Kevin, MD, recently wrote a piece on “defensive medicine”, which he defined as
the deviation from sound medical practice to avoid the threat of malpractice litigation…. This can range from “positive” defensive medicine, like ordering unnecessary tests, referring to consultants, or performing unneeded procedures; to “negative” defensive medicine, like avoiding high-risk patients or procedures.
I initially surmised that psychiatry is not as susceptible to litigation and thus, is not as prone to practicing defensive medicine.
Upon further reflection, however, this is untrue. There are many examples of defensive medicine in psychiatry; let’s consider the role of hospitalization in preventing suicide.
There is absolutely no evidence that hospitalizing people who are endorsing suicide actually prevents suicide, both in short- and long-term follow-up periods. No one will ever pursue this study because it is ethically unsound. To apply the “gold standard” of scientific evidence to this question, the study would have to gather a large group of people endorsing acute suicidality (what would this definition mean? suicidal ideation only? an actual attempt? acts of self-harm that are not intended to end life, such as cutting? some combination of the above? something else entirely?). Members of this population would be randomly assigned to either hospitalization or something else that is not hospitalization (sent home? follow up appointment the next day?). If the “something else that is not hospitalization” is a return to the community, that could possibly qualify as “placebo”, but the fact that someone presents to the mental health field with suicidality is an intervention in of itself. And there is no way to “blind” this study: everyone will know who is hospitalized and who is not.
Further complications of this question include the context of the suicidality: Should diagnoses be considered, or should the focus be on suicidality only, regardless of “cause”? (For example, the person who is intoxicated with alcohol and is endorsing suicide is not the same as the person who is psychotic and is endorsing suicide in an attempt to “beat the aliens to it”.) Is there a difference between the individual who is enrolled in mental health services and followed the instructions of his provider to seek psychiatric help, and the individual who has never interacted with the mental health system and was literally pulled off of the bridge by firemen? Do we take into account the person who has been hospitalized over twenty times for suicidal ideation or attempts, versus the person who has never thought about it at all in the past?
It’s complicated.
In fact, there is a paper that suggests that the highest risk of completed suicide occurs during the first week following admission to and the first week following discharge from the hospital. The data from the paper also suggests that many other factors affect the suicide risk (shorter hospitalization lengths increase risk; mood disorders affect the risk the greatest; women who have been admitted in the past have a higher risk; etc.).

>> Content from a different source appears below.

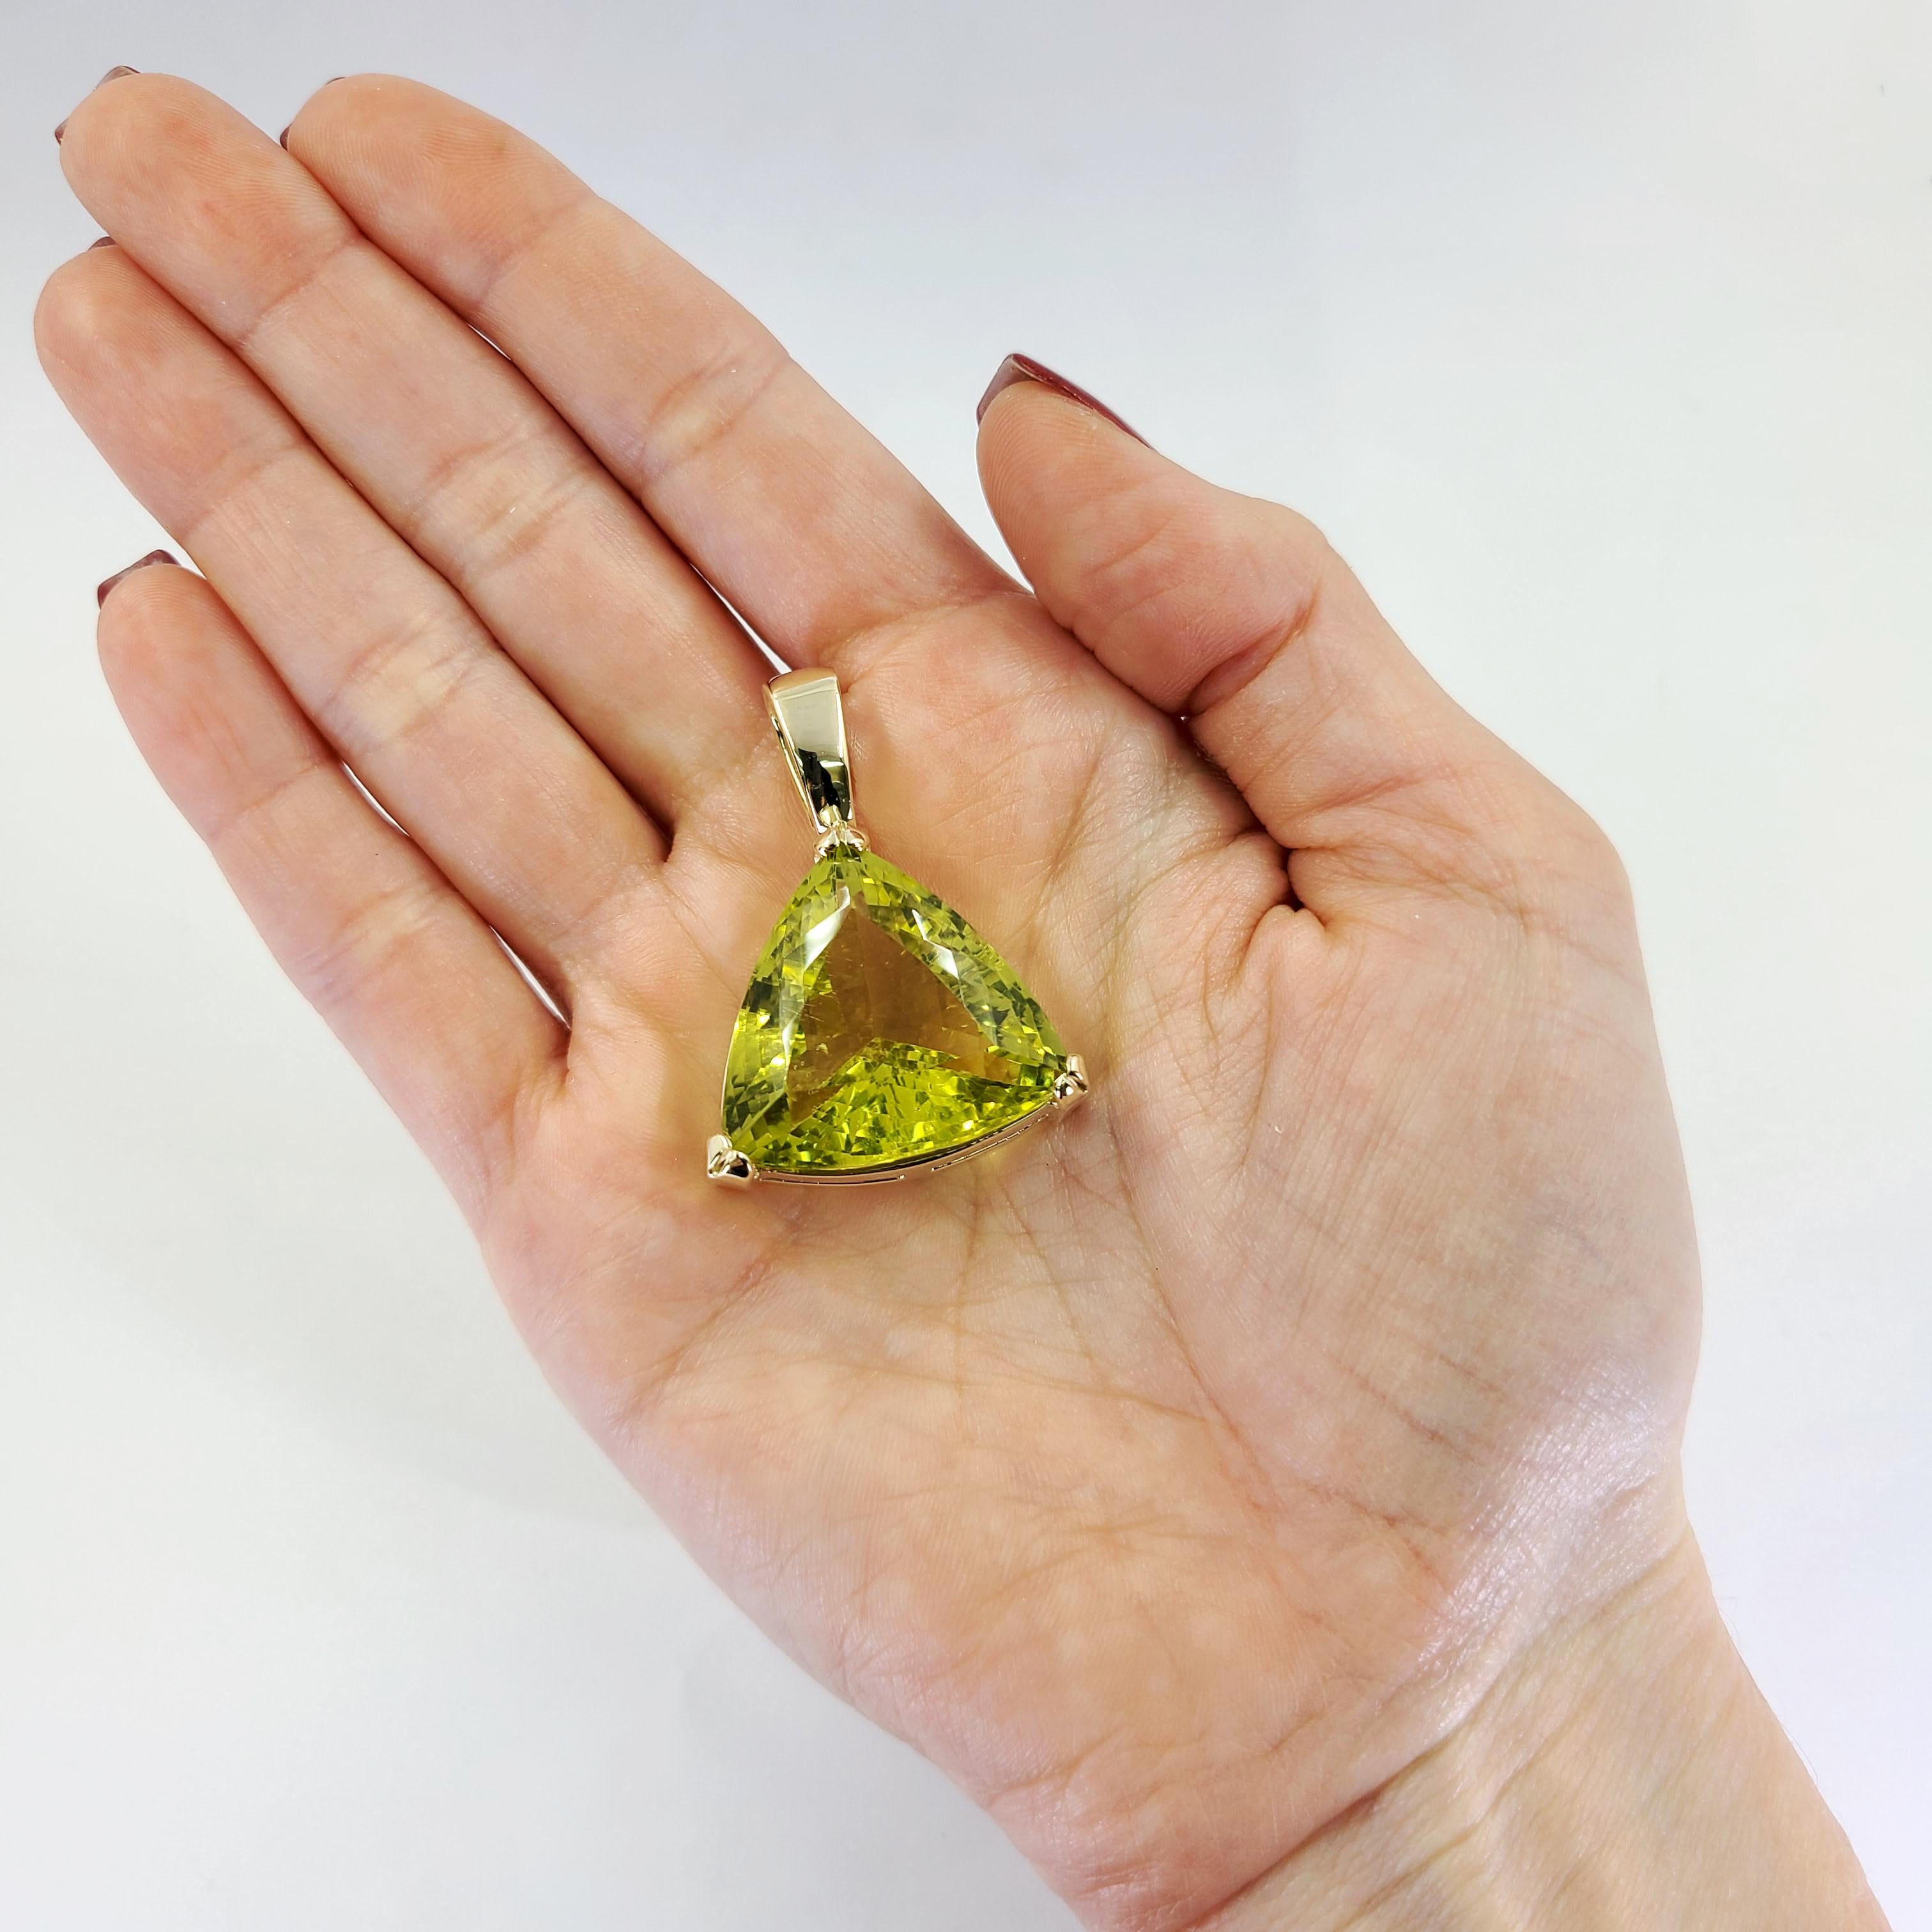 14 Karat Yellow Gold Triangular-Cut Lemon Citrine Pendant. 1.5 Inches Long. Finished Weight Is 21.1 Grams.

However, while this paper provides information, we cannot draw many firm conclusions from it (i.e. hospitalization causes suicide). First of all, the data from the paper came from Denmark (the country maintains a national population registry)—can we apply Danish information to Americans? the British? Australians? Secondly, we don’t know what the suicide risk is for people who are not hospitalized; that is, although the rates for suicide around the time of psychiatric hospitalization are at their highest, would the rate be significantly higher if people weren’t hospitalized at all? We can estimate how many people kill themselves, but we don’t know for sure—the health care system only sees those people who (1) failed in their attempts (or were otherwise “caught in the act”—pulled off of the bridge, had the gun yanked out of their hands, etc.) and (2) admit to thinking about it and are presumably ambivalent about suicide.
We never hear from or see the people who successfully kill themselves.
How does this relate to defensive medicine? Some psychiatrists routinely hospitalize patients (through coercion, either with or without the “help” of friends, family, et al.) who endorse suicidality when “clinical suspicion is low” that the individual will actually commit the act. The belief is that if someone is in the hospital, the risk of suicide drops significantly—after all, the ward is locked, there is less access to means of killing oneself, and there are people (nursing staff) presumably monitoring the situation. There is also the sense that the psychiatrist, by admitting this person, is “doing something”, versus asking the patient to return for an outpatient follow-up appointment the next day, which seems more like “not doing much”. (This drive to “do something” is also what propels physicians to prescribe medications that are not necessarily indicated.)
Sometimes, hospitalizing patients is not the most therapeutic or appropriate approach (for example, for people who endorse chronic suicidality). However, to reduce risk and prevent litigation, the patient ends up in the hospital to prevent a potential malpractice lawsuit against the psychiatrist. Psychiatrists are human and humans cannot predict the future. Humans can, however, assess risk—and some people are more risk-averse than others.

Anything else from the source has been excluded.